Имя женщины с этого острова, до которого я так долго добирался, перешел вброд два маленьких пролива (а через последний, более глубокий, меня перенесла на холодной спине волна) — Родогуна Ру. Я помню это совершенно точно. И для того чтобы ее ни с кем не спутали, ведь так могли зваться и другие — старухи, оборванные девчонки в двух-трех лачугах, смотрящих окнами на материк, я сделаю ее владычицей соляного острова. Царица Родогуна… Как повеяло Востоком от нескольких слогов! Словно бледный полумесяц над рассыпавшимся в прах глиняным городом, некогда посвященным Иштар, этот титул, данный мною в шутку, окутывает сиянием легенды одинокую девушку и ее жестокую повесть. Я рад тому, что не было, нет и не будет между ней, Родогуной в страшном кровавом ореоле, и мною — тем, кто валяется теперь как собака на этих прогнивших мешках, — ничего даже отдаленно напоминающего предмет вольных шуток наших славных французов, одним словом, ничего эротического. Я благодарен за это богам Средиземноморья и всем богам иудейского и греко-латинского мира, а также, разумеется, божествам Аравии и еще Сардинии, такой же неприступной, как высокогорья Центральной Азии.
«Жестокая повесть», сказал я, как будто можно и в самом деле узнать чью-то историю, кроме своей собственной. Желторотым дураком был я тогда, и навсегда останусь таким (но из какого мерзкого гнезда выпавшим?). И что толкает меня, Валентина Сорга, почти оборванца, полуголодного и совершенно трезвого, повисшего между сном и грезами и лишенного общества, если не считать больших назойливых мух, соперничать с романистами, профессиональными лжецами, у которых ни в одном слове, от первого до последнего, нет и крупицы достоверности. Картинки — вот и все, что я хочу припомнить, прочего в точности не передать, а полумрак располагает скорее созерцать, чем баюкать себя выдумками. К тому же, должен признаться, я пребываю и, несомненно, останусь в полном неведении хода событий, первоначального плана или истоков этой кровавой драмы, застрявшей в моем сознании светящимися осколками витража, поскольку мадемуазель Родогуна, единственная, кому это известно, — самая неразговорчивая, замкнутая и отбивающая охоту любопытствовать из всех женщин, которых я знал в своей бродячей жизни.

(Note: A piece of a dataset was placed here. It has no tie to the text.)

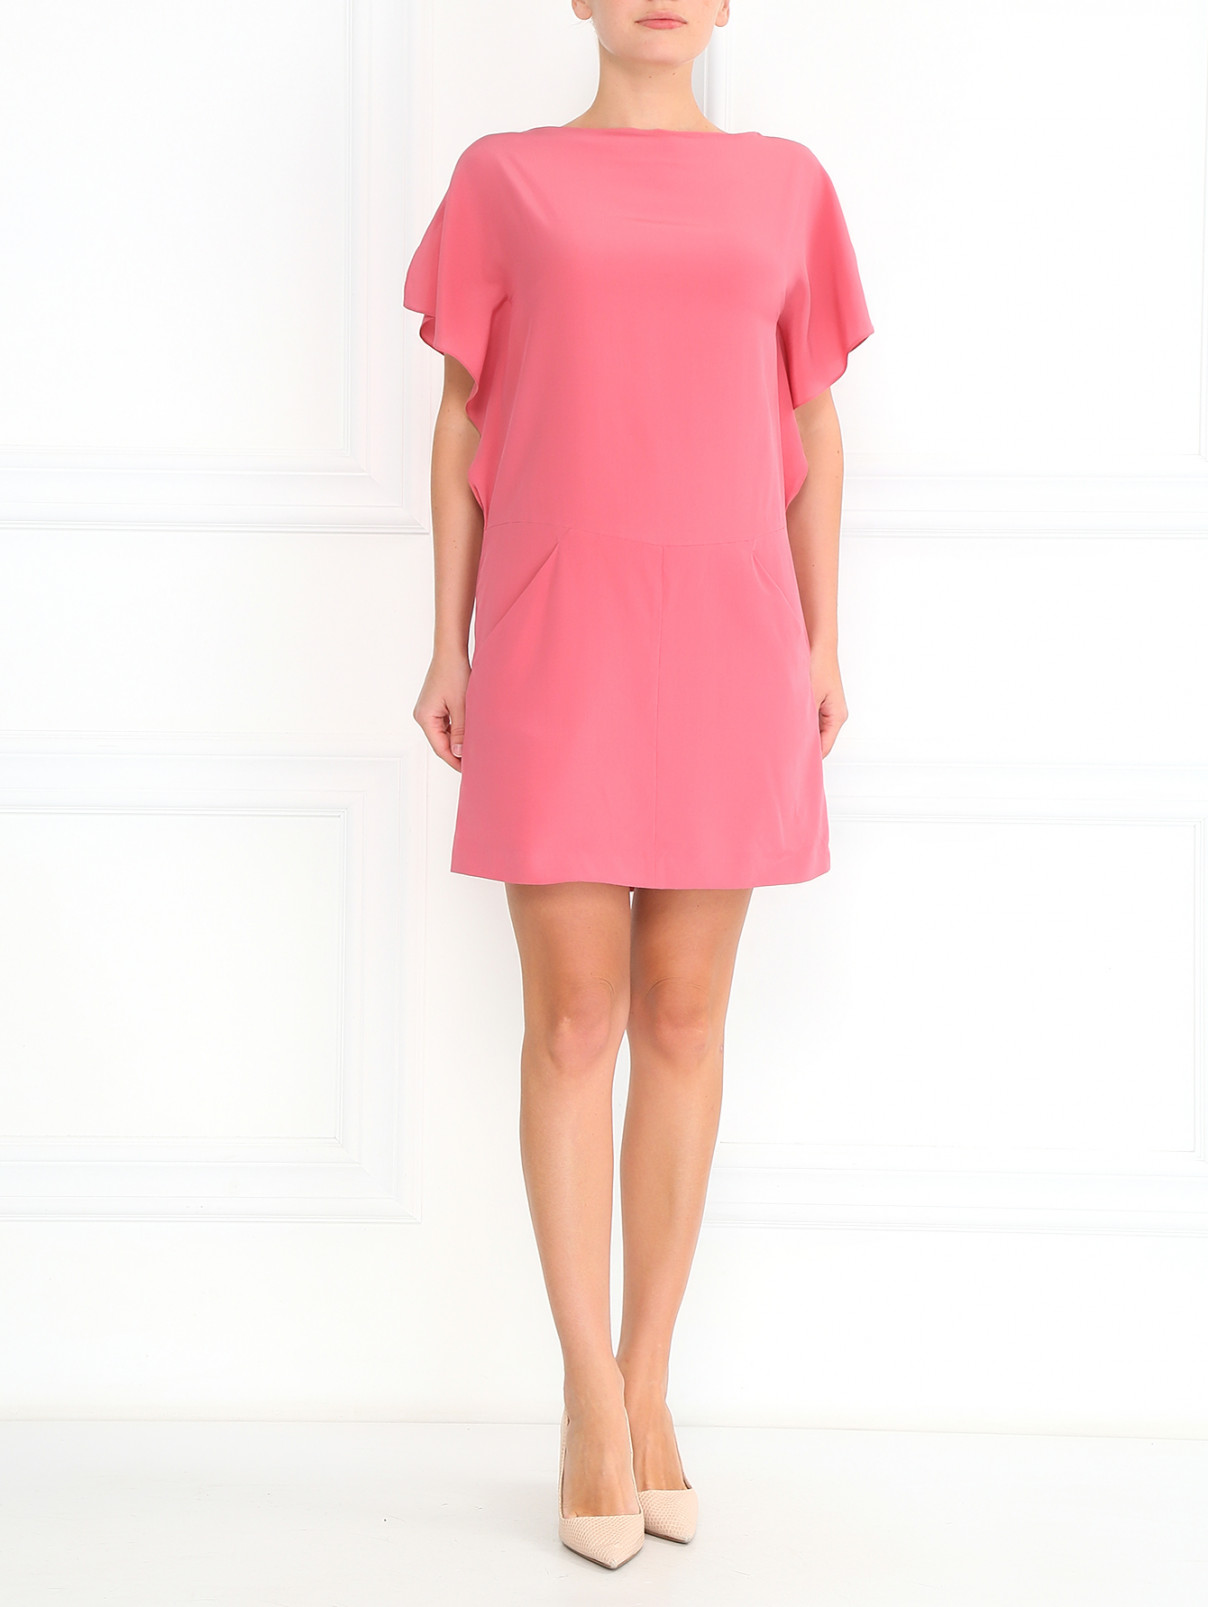 Шелковое платье свободного кроя Cacharel  –  Модель Общий вид  – Цвет:  Розовый

В первый раз я увидел Родогуну Ру несколько лет назад. Для полноты картины надо знать, каким сам я был в то время, и тогда встает другой вопрос: каким я стал теперь? Но среди разнородных обломков, составляющих всю обстановку моего соляного склада, не найдешь даже осколка зеркала, как ни ищи, и тем лучше: в нем я увидел бы лишь еще один жалкий завалящий обломок. Что касается внутренней жизни этого малого, то, пока это в моей власти, я позволю ему пребывать лишь в трех состояниях: усталости, опьянения или мечтательности. Довольно об этом. Будем благоразумны, вернемся к прошлому.